В начале апреля 1941 года я видела странный сон. К нам в квартиру позвонили, мы открыли дверь и увидели стоявших Сталина и Молотова. Они пришли к нам в гости. Мой отец не мог скрыть своего отвращения к Сталину, сел в сторону с хмурым лицом. Сталин это заметил и тоже сел в другой угол, нахмурившись. Мама страшно испугалась и побежала на кухню, приготовить какое-нибудь угощение. Я тоже немного испугалась, что отец так ясно выказывает свое настроение и, воспользовавшись тем, что Молотов делал вид, как будто ничего не происходит и любезно разговаривал, заговорила с ним. О чем мы говорили, я не помню, но вдруг он сказал ясно и резко: «Скоро будет война». Я: «С кем?» Он: С Германией». Я: «А как же наш пакт о ненападении?» Вдруг лицо Молотова исказилось злобой, и он зашипел: «Что я, должен выдавать вам наши дипломатические секреты?». Я испуганно отшатнулась, забормотала: «Нет, нет…» — и проснулась.
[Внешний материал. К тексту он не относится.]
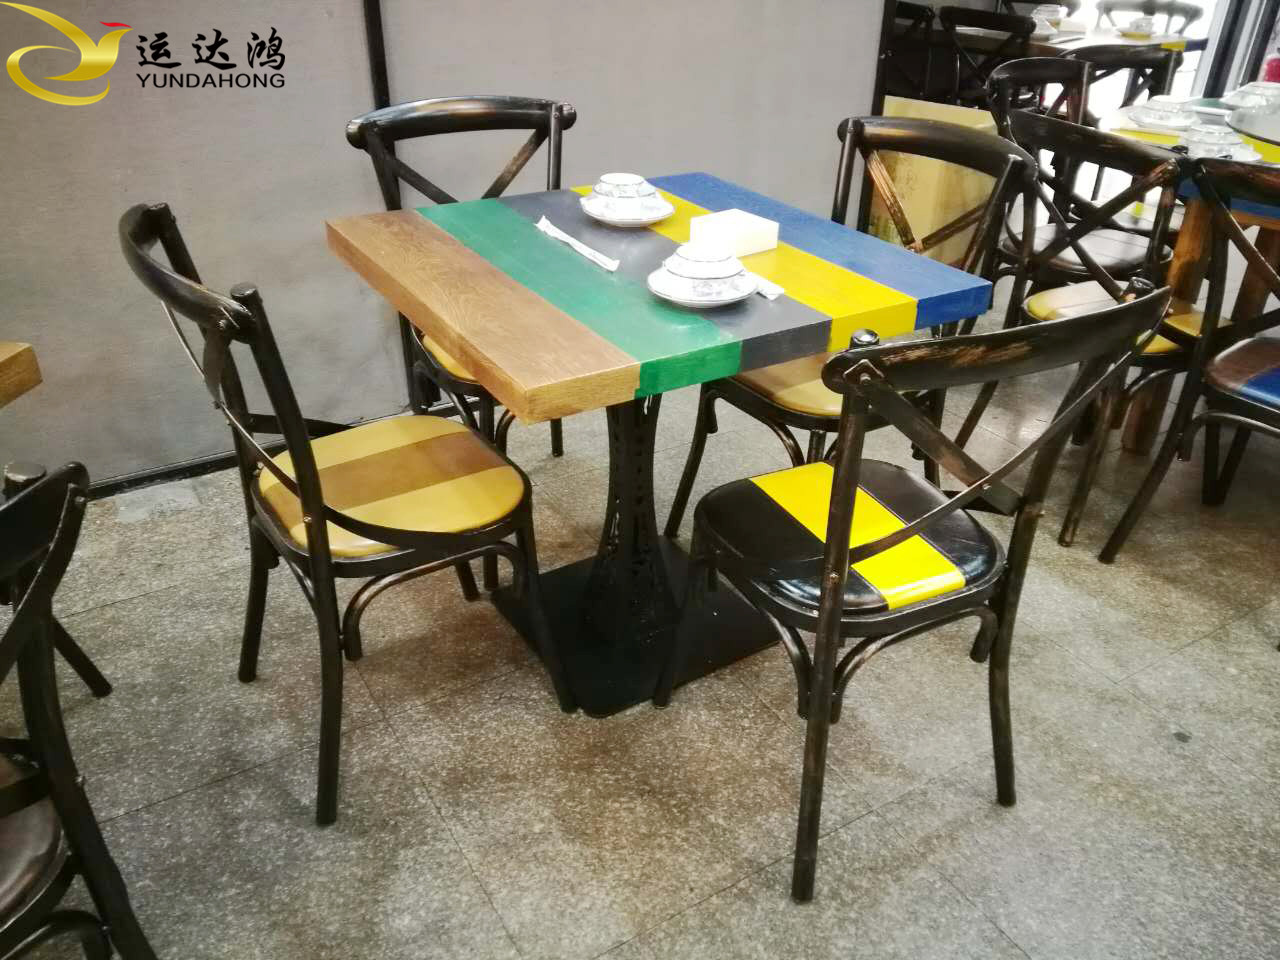 主题餐厅家具 主题餐厅桌椅定制 创意主题餐桌椅价格餐厅家具工厂

Из того же источника, военного городка, в Пскове стала скоро известна засекреченная речь Сталина перед выпускниками военных академий, преимущественно его знаменитые слова, что этим выпускникам предстоит развеять легенду о непобедимости германского оружия. Яснее быть не могло. Не надо было и сна.
И тем не менее ум человеческий не хочет примириться с такой неизбежностью, как война. Просто нельзя, видимо, жить, включая в свое сознание скорое военное столкновение как составную часть обычной, привычно текущей жизни.
Весной 1941 г. Советский Союз неожиданно заключил с Югославией договор о взаимопомощи. А уже вскоре после заключения этого договора, в апреле, немцы напали на Югославию. Казалось бы, Советский Союз должен был поспешить на помощь, согласно только что заключенному договору, и война неизбежна. Но советское правительство никак не реагировало. Единственная «помощь», которую Советский Союз оказал отчаянно сопротивлявшейся Югославии, заключалась в том, что газеты начали печатать югославские военные сводки на нервом месте. Все годы войны немецкие военные сводки печатались на первом месте, затем французские и английские, а после капитуляции Франции — только английские. А тут югославские вышли на первое место. Так как эта «газетная честь» Югославии ничем помочь не могла, страна была разбита, и газетный порядок восстановился: германские военные сводки снова вышли на первое место. Все успокоилось.